What should be copied is the stretch of entries below from the line with "Yahari Ore no" up to and including the line with "2021회기 서초교구협의회 정기총회자료(12.17)_홈피용008.png", exactly and without images.

**** Records provided

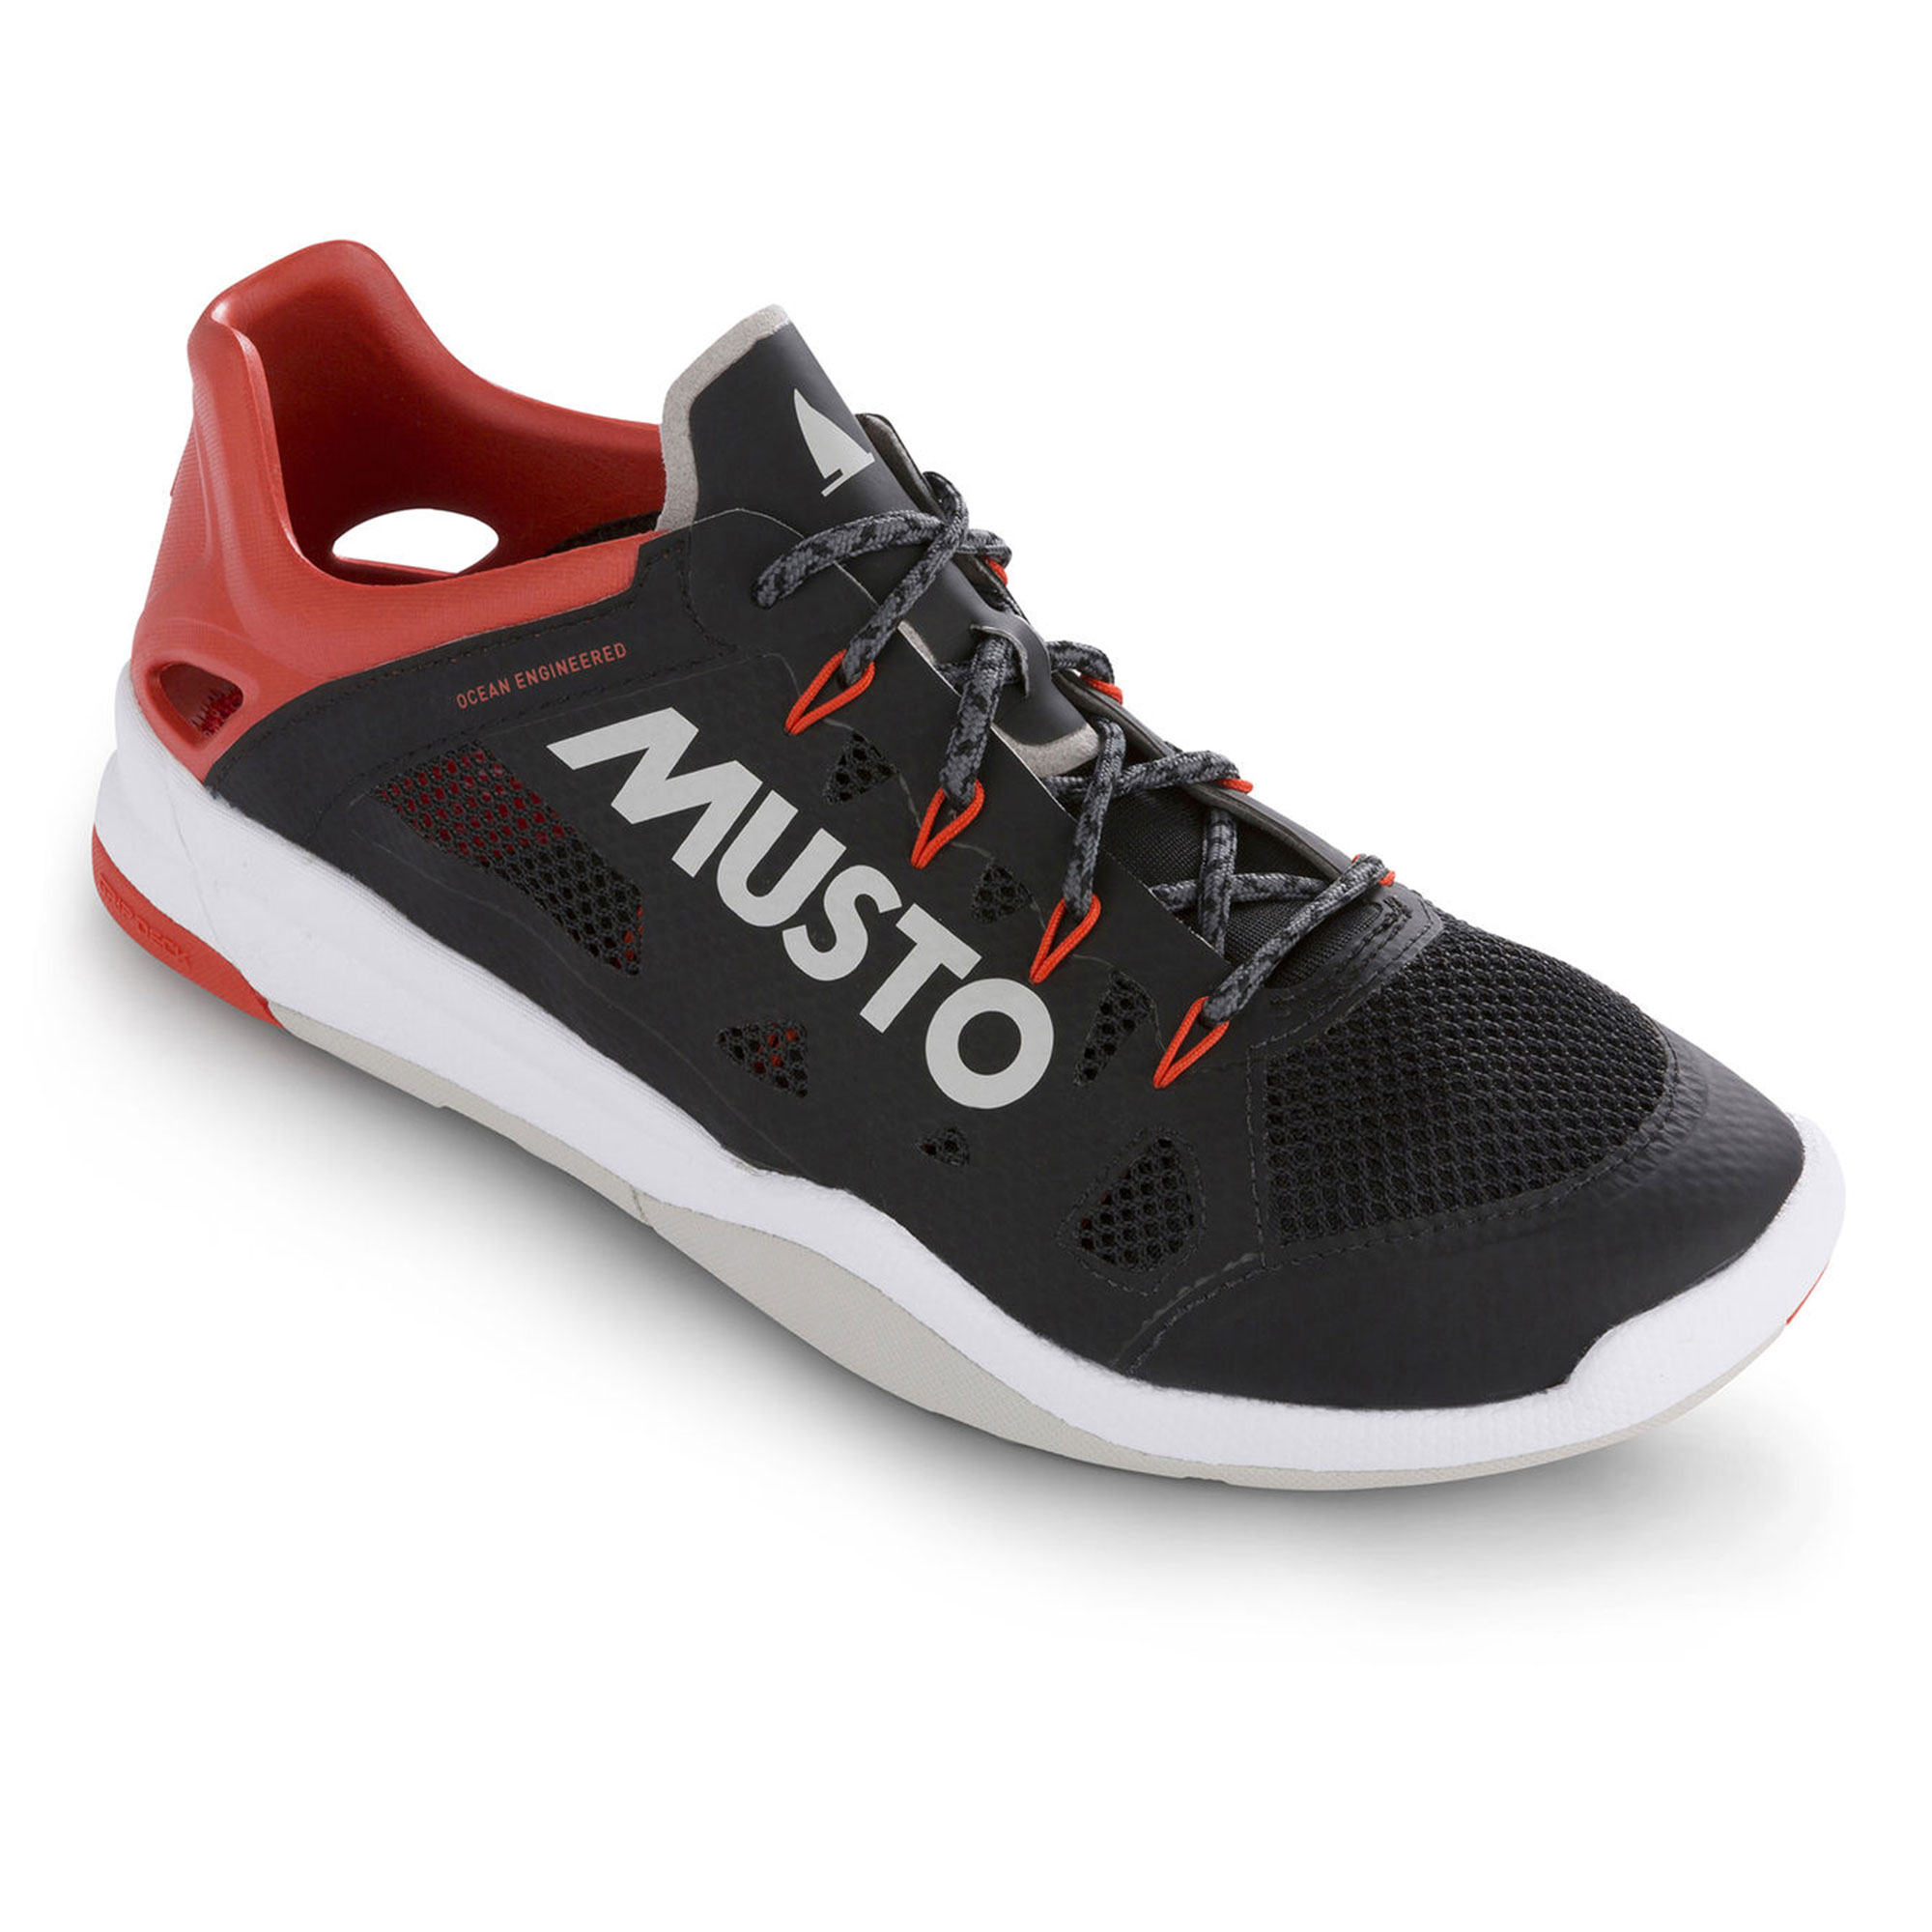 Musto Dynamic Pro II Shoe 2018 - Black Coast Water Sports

********
**** Records provided

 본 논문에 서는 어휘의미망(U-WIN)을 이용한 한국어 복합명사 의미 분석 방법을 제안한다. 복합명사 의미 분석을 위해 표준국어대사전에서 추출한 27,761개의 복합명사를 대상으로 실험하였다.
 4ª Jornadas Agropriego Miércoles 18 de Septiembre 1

********
**** Records provided

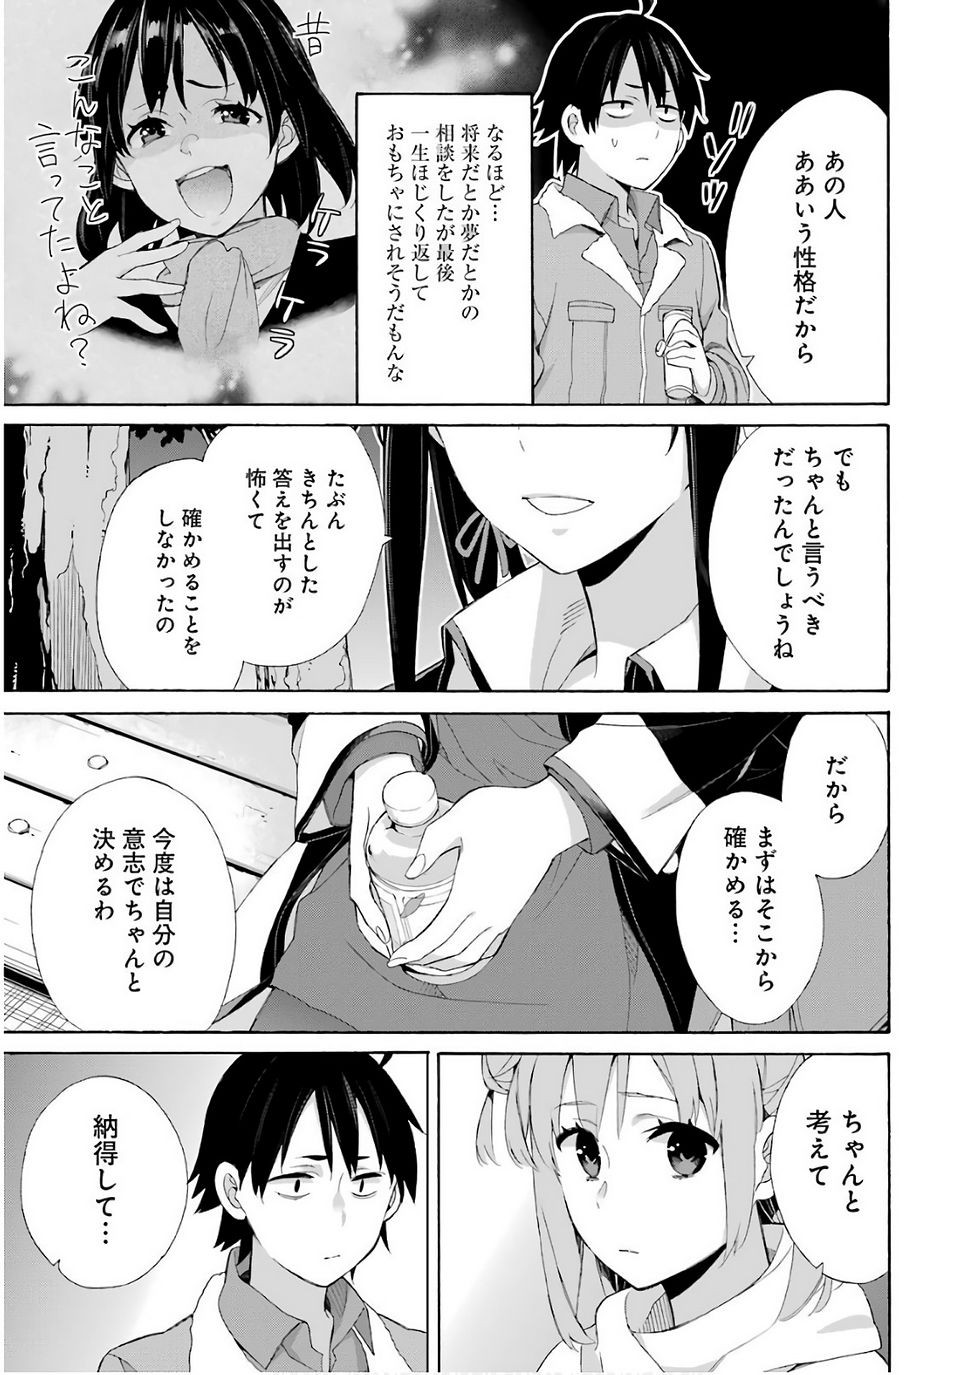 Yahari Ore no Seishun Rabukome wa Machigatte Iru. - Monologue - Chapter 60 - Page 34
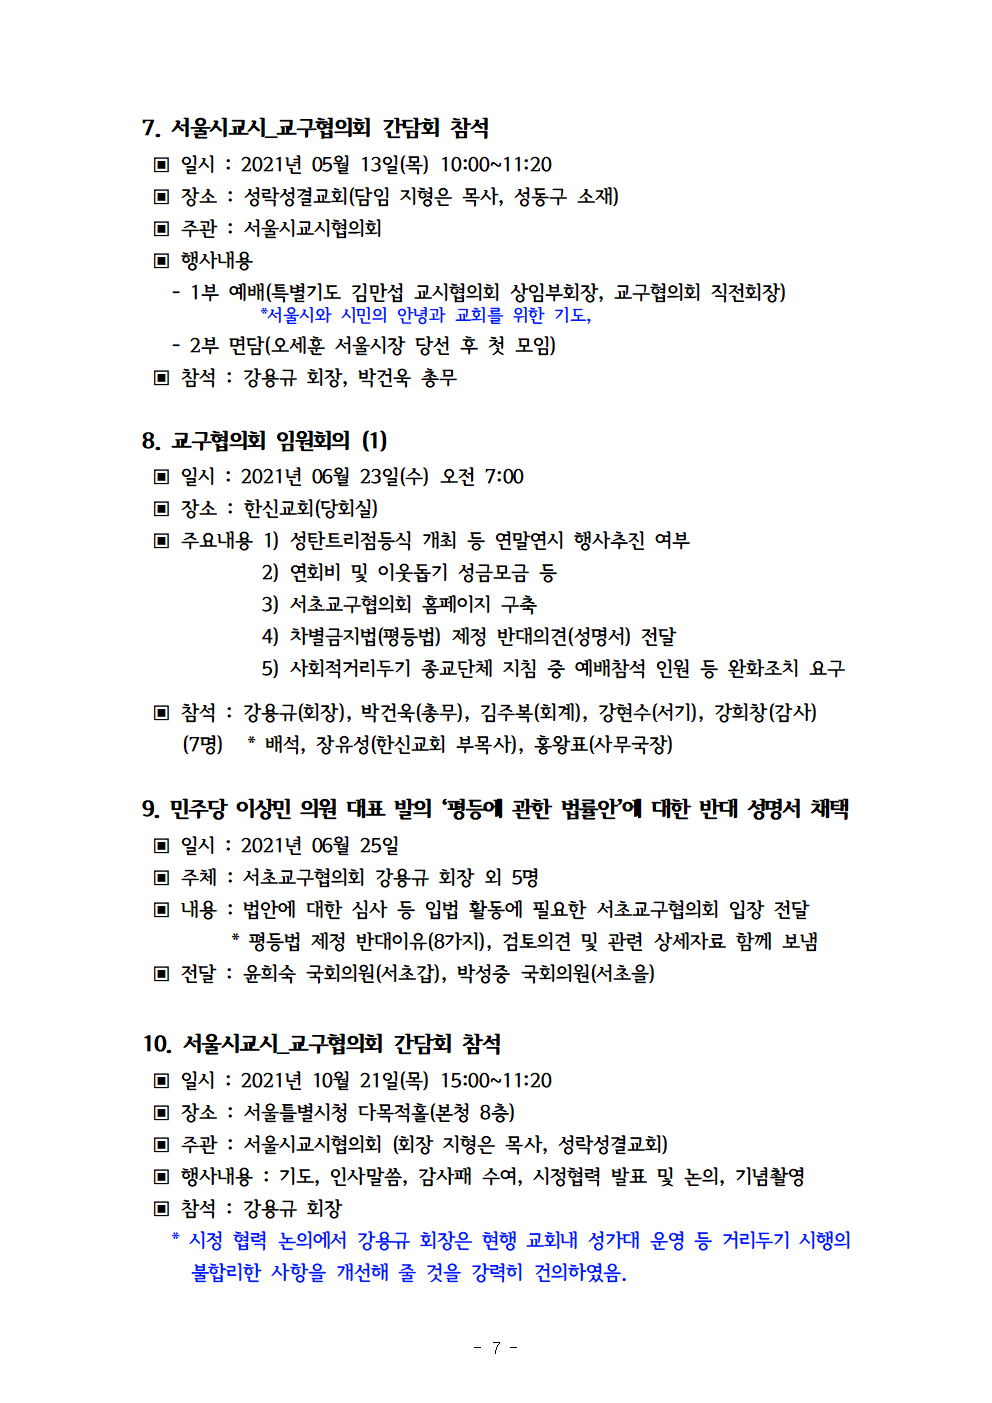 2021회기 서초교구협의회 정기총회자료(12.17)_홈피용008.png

********

● Solution
 Yahari Ore no Seishun Rabukome wa Machigatte Iru. - Monologue - Chapter 60 - Page 34
 2021회기 서초교구협의회 정기총회자료(12.17)_홈피용008.png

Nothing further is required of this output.